Chester Castle
is in the city of Chester, Cheshire, England. It is sited at the
southwest extremity of the area bounded by the city walls.
The castle was built in 1070 by Hugh d'Avranches, the second
Earl of Chester. It is possible that it was built on the site of
an earlier Saxon fortification but this has not been confirmed.
The original structure would have been a motte-and-bailey castle
with a wooden tower. In the 12th century the wooden tower was
replaced by a square stone tower, the Flag Tower. During the
same century the stone gateway to the inner bailey was built.

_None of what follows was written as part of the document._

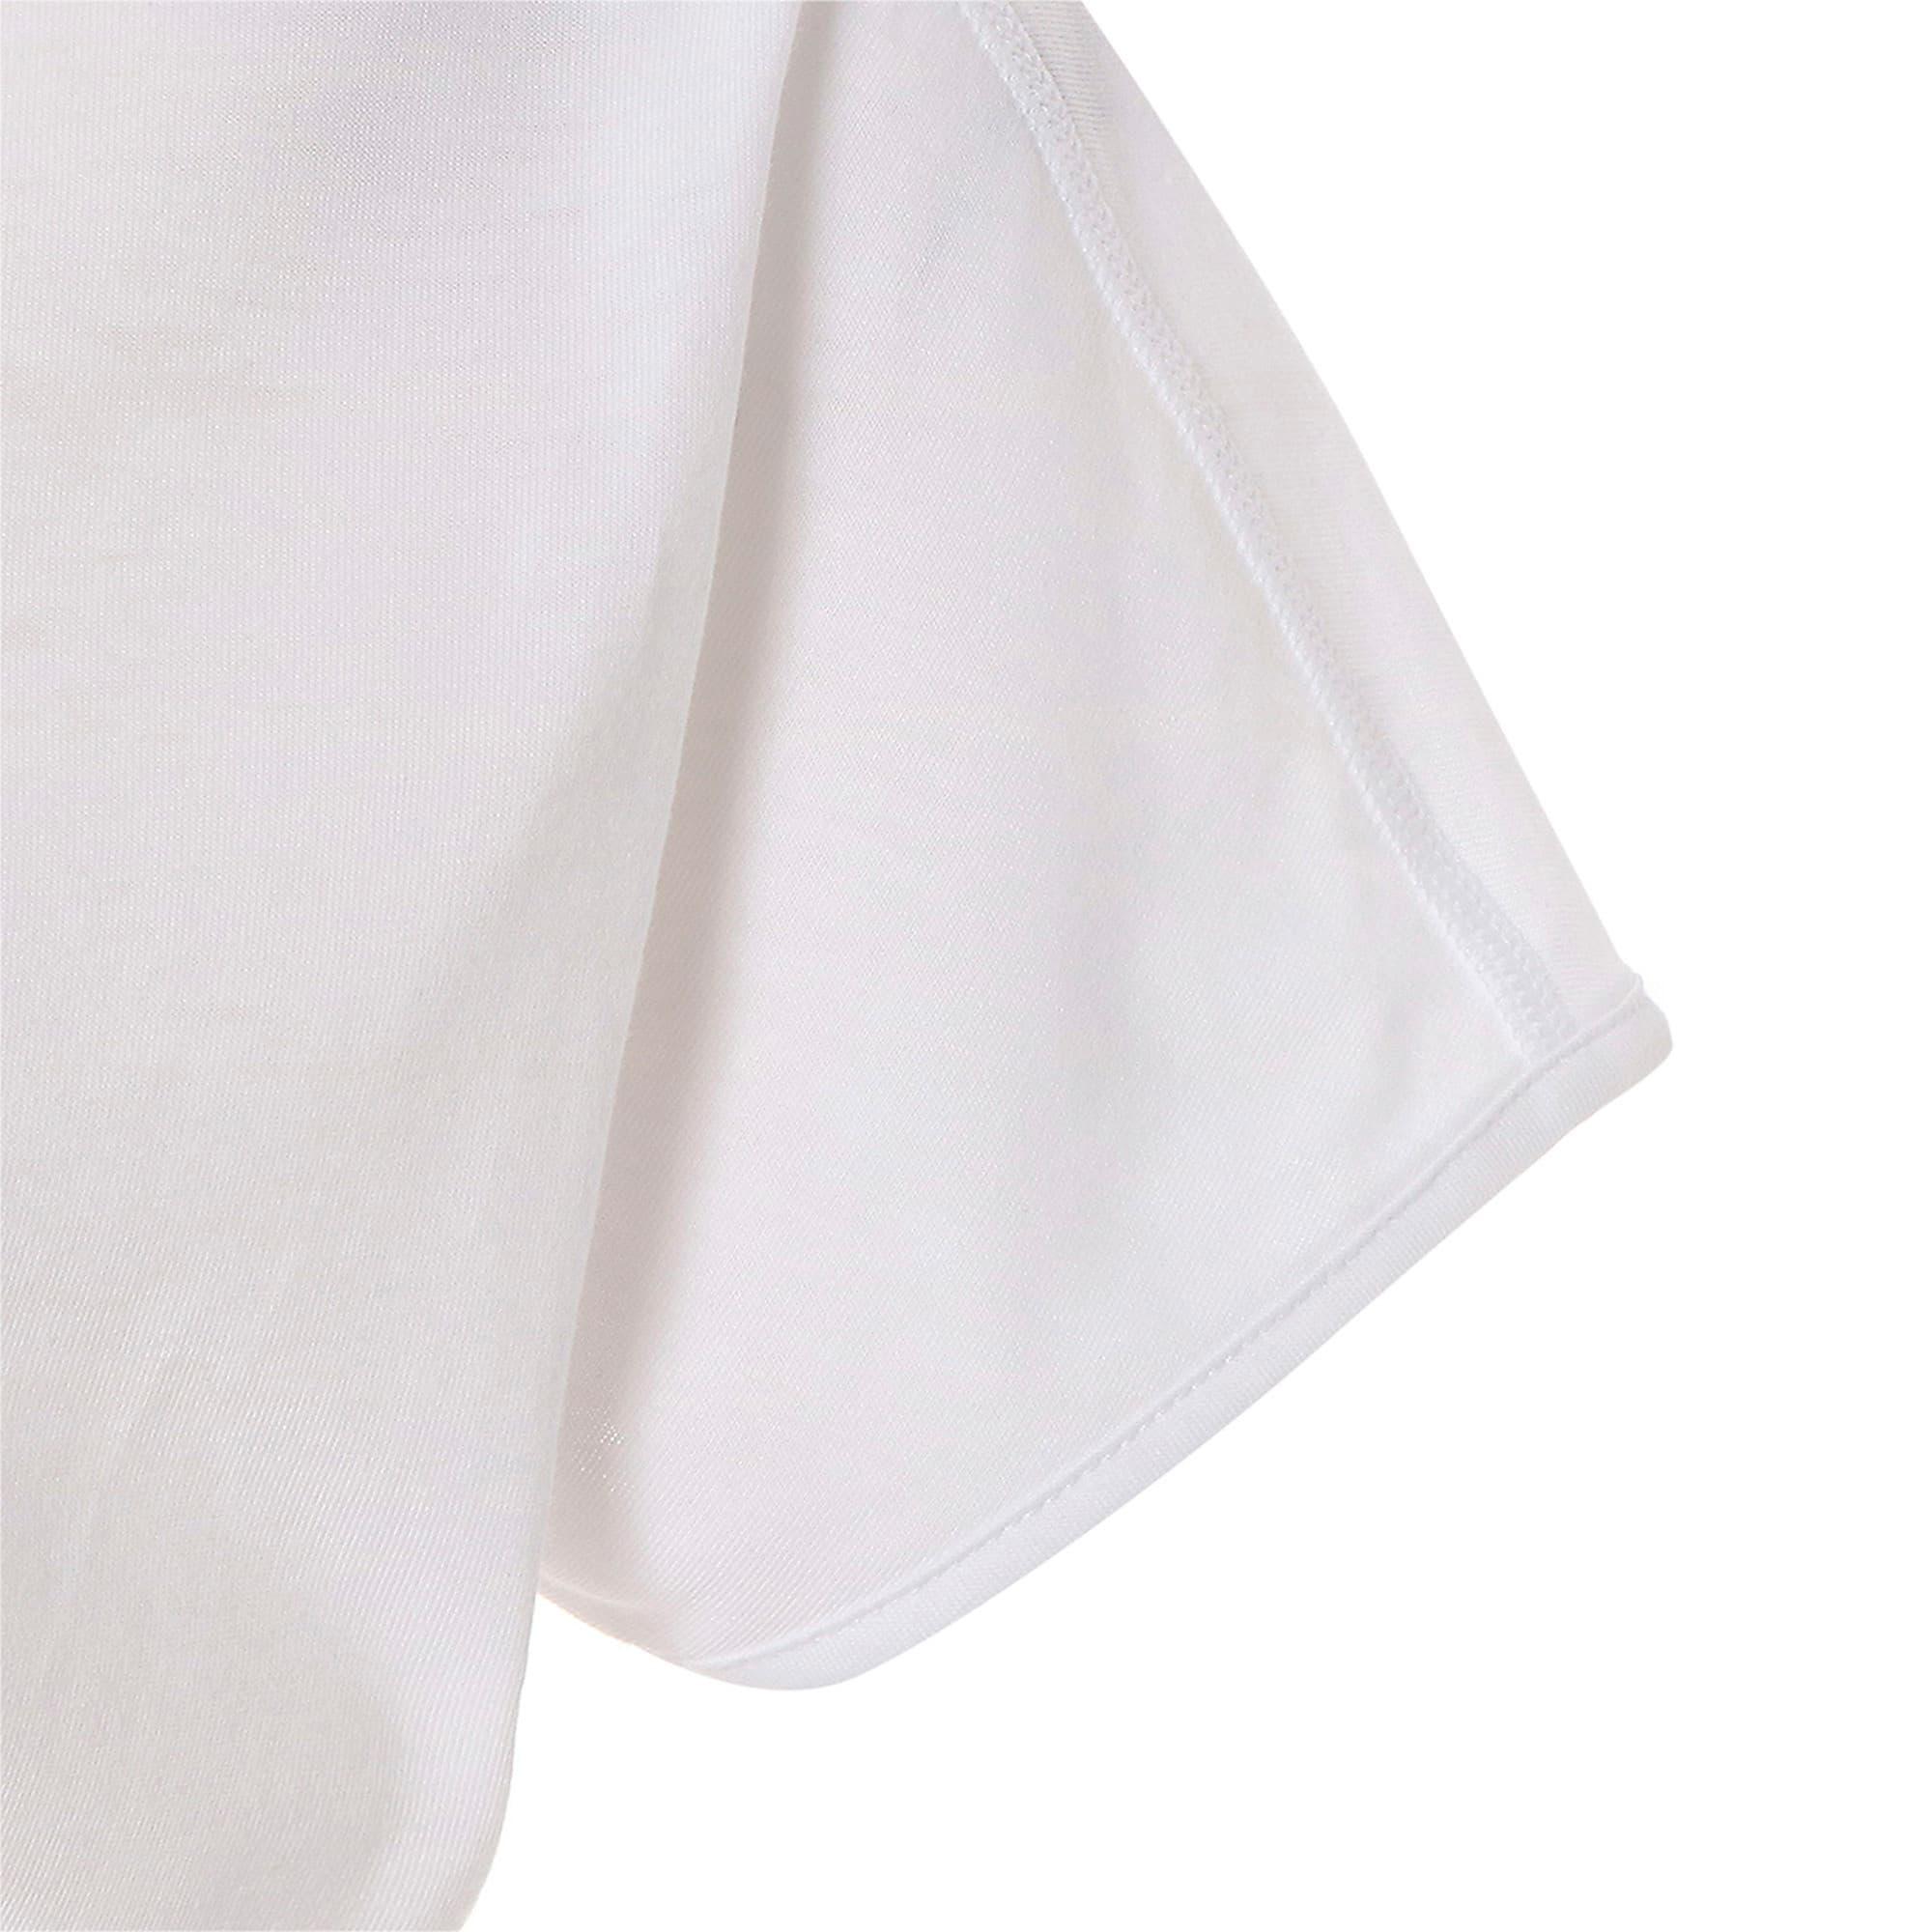 Thumbnail 8 of FAVORITE キャット SS ウィメンズ トレーニング Tシャツ 半袖, Puma White-CAT Q3, medium-JPN
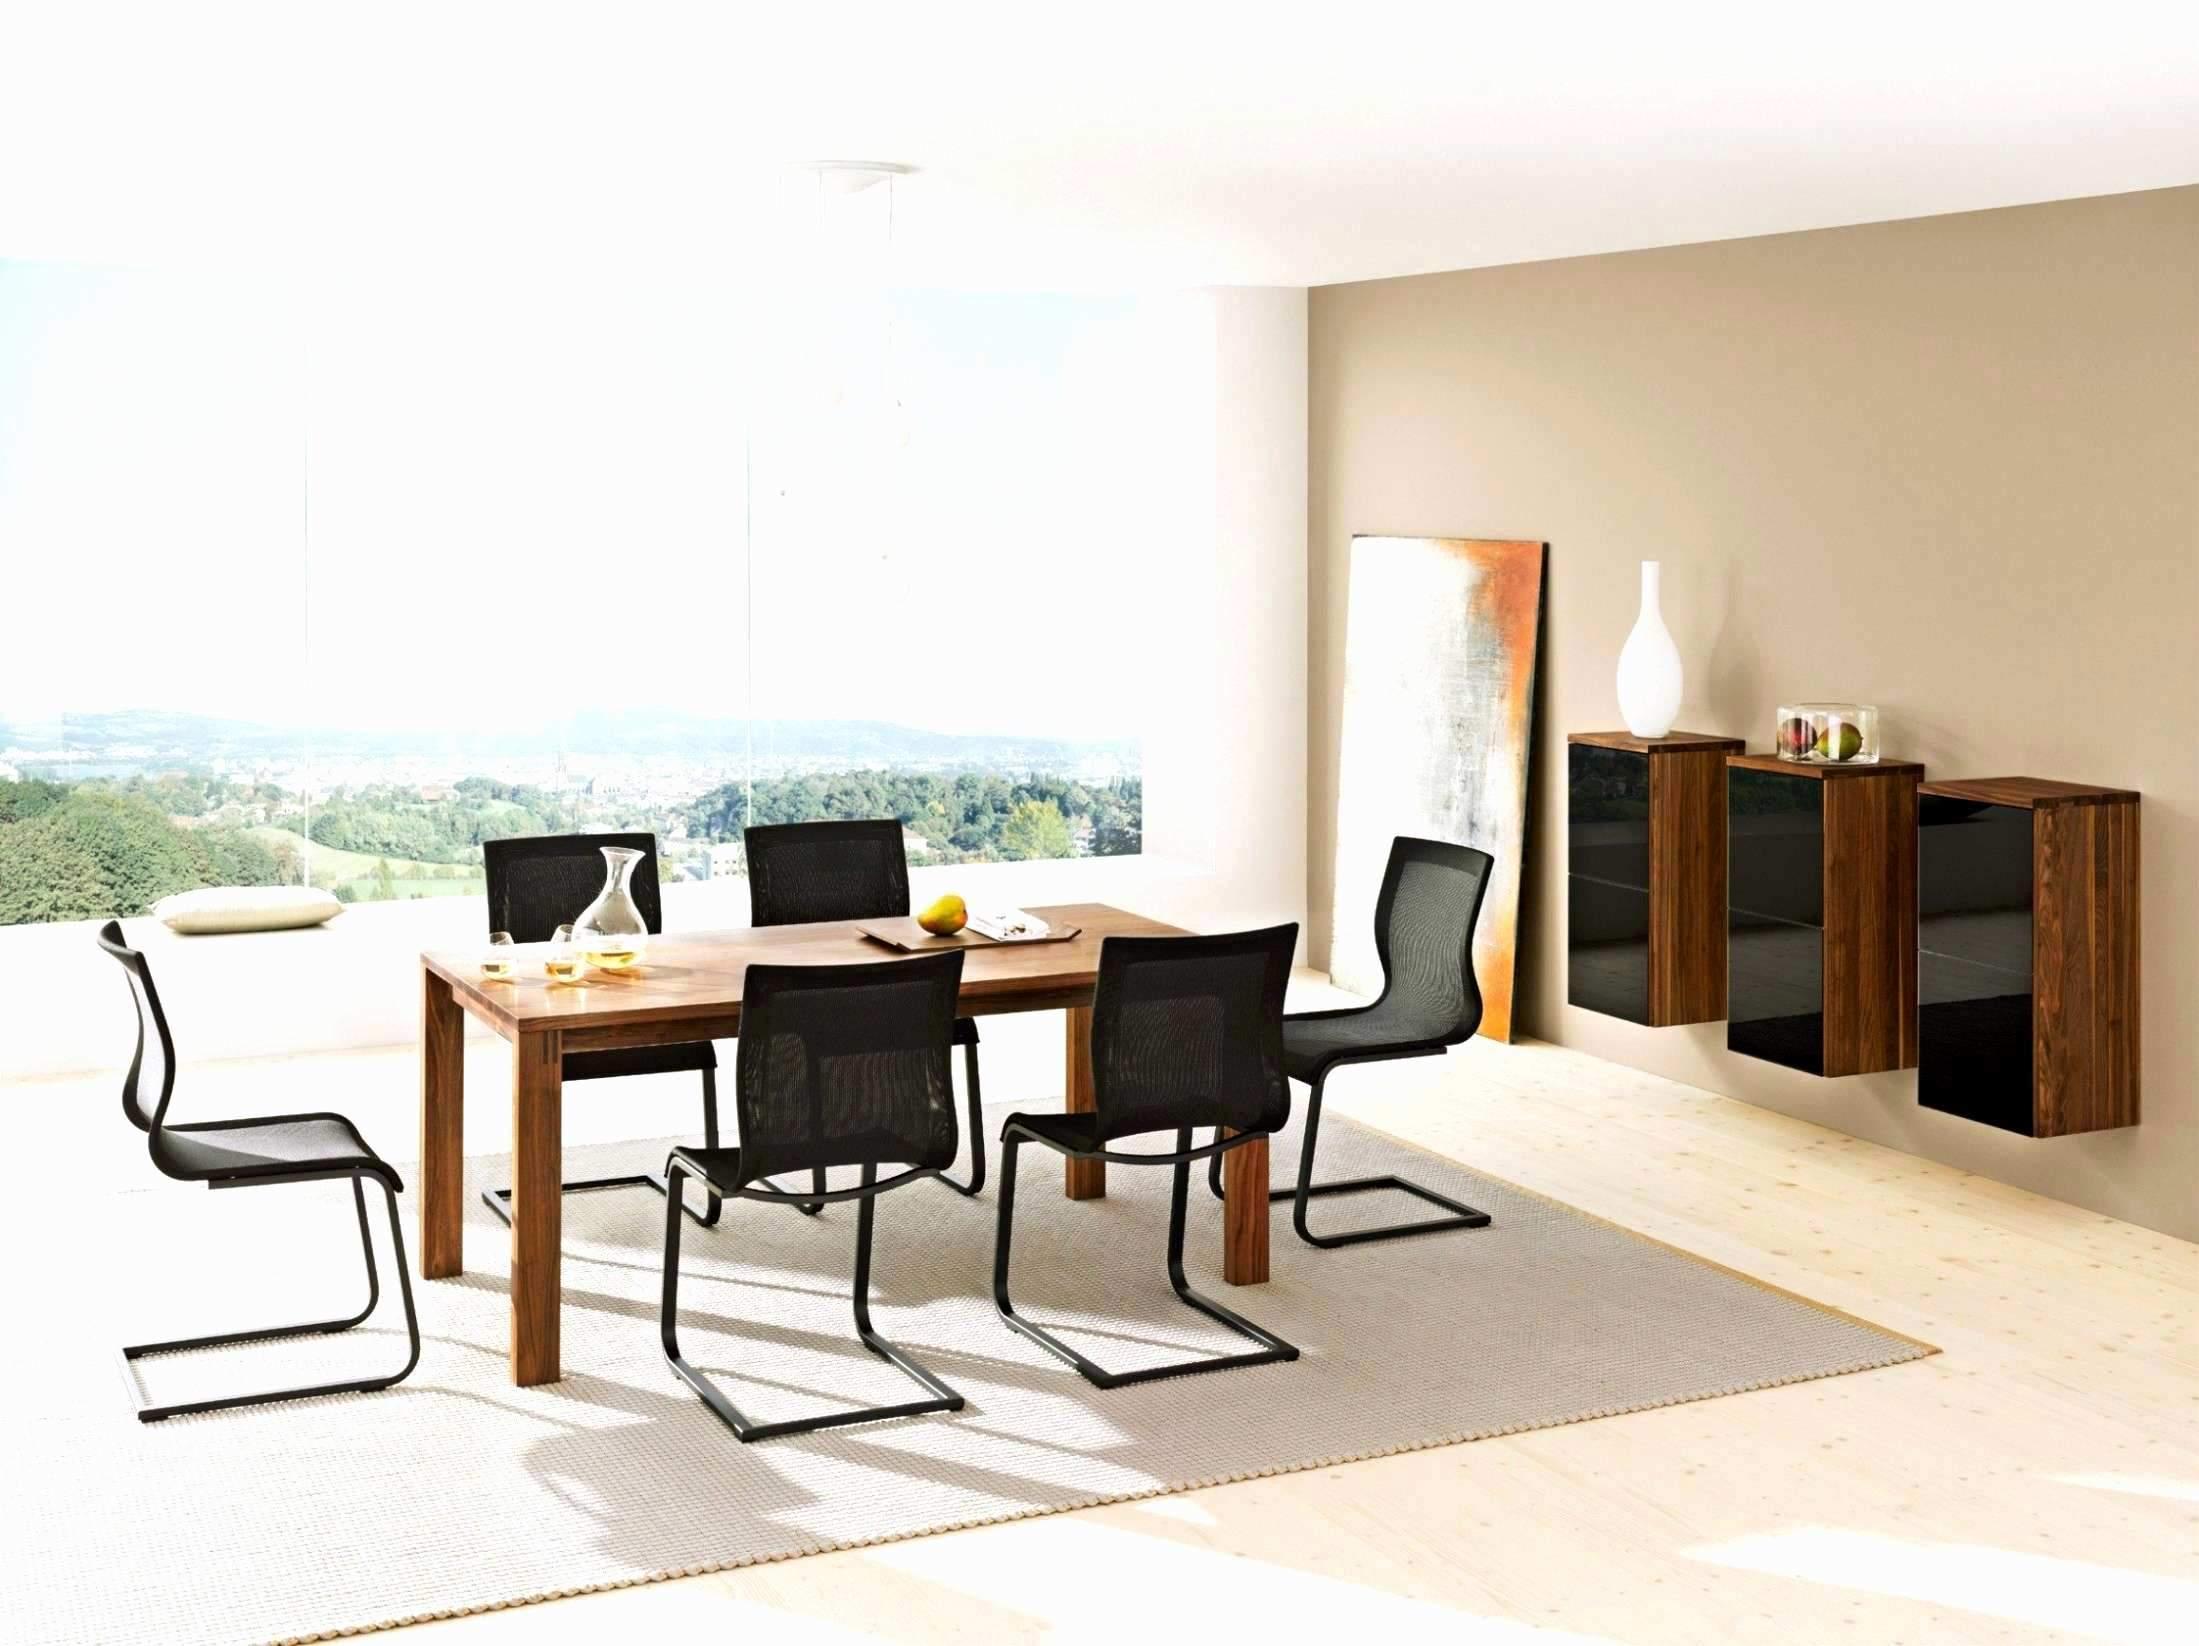 dekoration wohnzimmer ideen luxus 50 einzigartig von wohnzimmer deko selber machen meinung of dekoration wohnzimmer ideen

This is now known as the Agricola Tower and on its first floor
is the chapel of St Mary de Castro. The chapel contains items of
Norman architecture. In the 13th century, during the reign of
Henry III, the walls of an outer bailey were built, the gateway
in the Agricola Tower was blocked up and residential
accommodation, including a Great Hall, was built along the south
wall of the inner bailey. Later in the century, during the reign
of Edward I, a new gateway to the outer bailey was built. This
was flanked by two half-drum towers and had a drawbridge over a
moat 26 feet deep. Further additions to the castle at this time
included individual chambers for the King and Queen, a new
chapel and stables.
Prominent people held as prisoners in the crypt of the Agricola
Tower were Richard II and Eleanor Cobham, wife of Humphrey, Duke
of Gloucester, and Andrew de Moray, hero of the Battle of
Stirling Bridge. During the Wars of the Roses, Yorkist John
Neville, 1st Marquess of Montagu was captured and imprisoned at
the castle by Lancastrians following the Battle of Blore Heath,
near the town of Market Drayton, Shropshire, in 1459. He was
released from captivity following the Yorkist victory at
Northampton in 1460. Outside the outer bailey gate was an area
known as the Gloverstone where criminals waiting for execution
were handed over to the city authorities. The Great Hall was
rebuilt in the late 1570s.
During the Civil War Chester was held by the Royalists. The
castle was assaulted by Parliamentary forces in July 1643, and
in January and April 1645. Together with the rest of the city,
it was besieged between September 1645 and February 1646.
Following the civil war the castle was used as a prison, a court
and a tax office. In 1687 James II attended Mass in the chapel
of St Mary de Castro. In 1696 Chester mint was established and
was managed by Edmund Halley in a building adjacent to the Half
Moon tower. During the 1745 Jacobite rising a gun emplacement
was built on the wall overlooking the river.
By the later part of the 18th century much of the fabric of the
castle had deteriorated and John Howard, the prison reformer,
was particularly critical of the conditions in the prison.
Thomas Harrison was commissioned to design a new prison. This
was completed in 1792 and praised as one of the best constructed
prisons in the country. Harrison then went on to rebuild the
medieval Shire Hall in neoclassical style. He also built two new
wings, one to act as barracks, the other as an armory, and
designed a massive new entrance to the castle site, styled the
Propylaeum. The buildings, which were all in neoclassical style,
were built between 1788 and 1822.
In February 1867, Irish Fenian Michael Davitt led a group of IRB
men from Haslingden on an abortive raid for arms on the castle.
The Army moved in to take hold of the castle and in 1873 a
system of recruiting areas based on counties was instituted
under the Cardwell Reforms and the castle became the depot for
the two battalions of the 22nd (Cheshire) Regiment of Foot.
Under the Childers Reforms, the 22nd regiment evolved to become
the Cheshire Regiment with its depot in the castle in 1881.
In 1925, after being used for 200 years as a warehouse and
ammunition store, the crypt and chapel in the Agricola Tower
were re-consecrated by the Bishop of Chester for the use of the
Cheshire Regiment. In 1939 the chapel was refurnished. The
castle remained the depot of the Cheshire Regiment until 1939,
when the regiment moved out to Dale Barracks.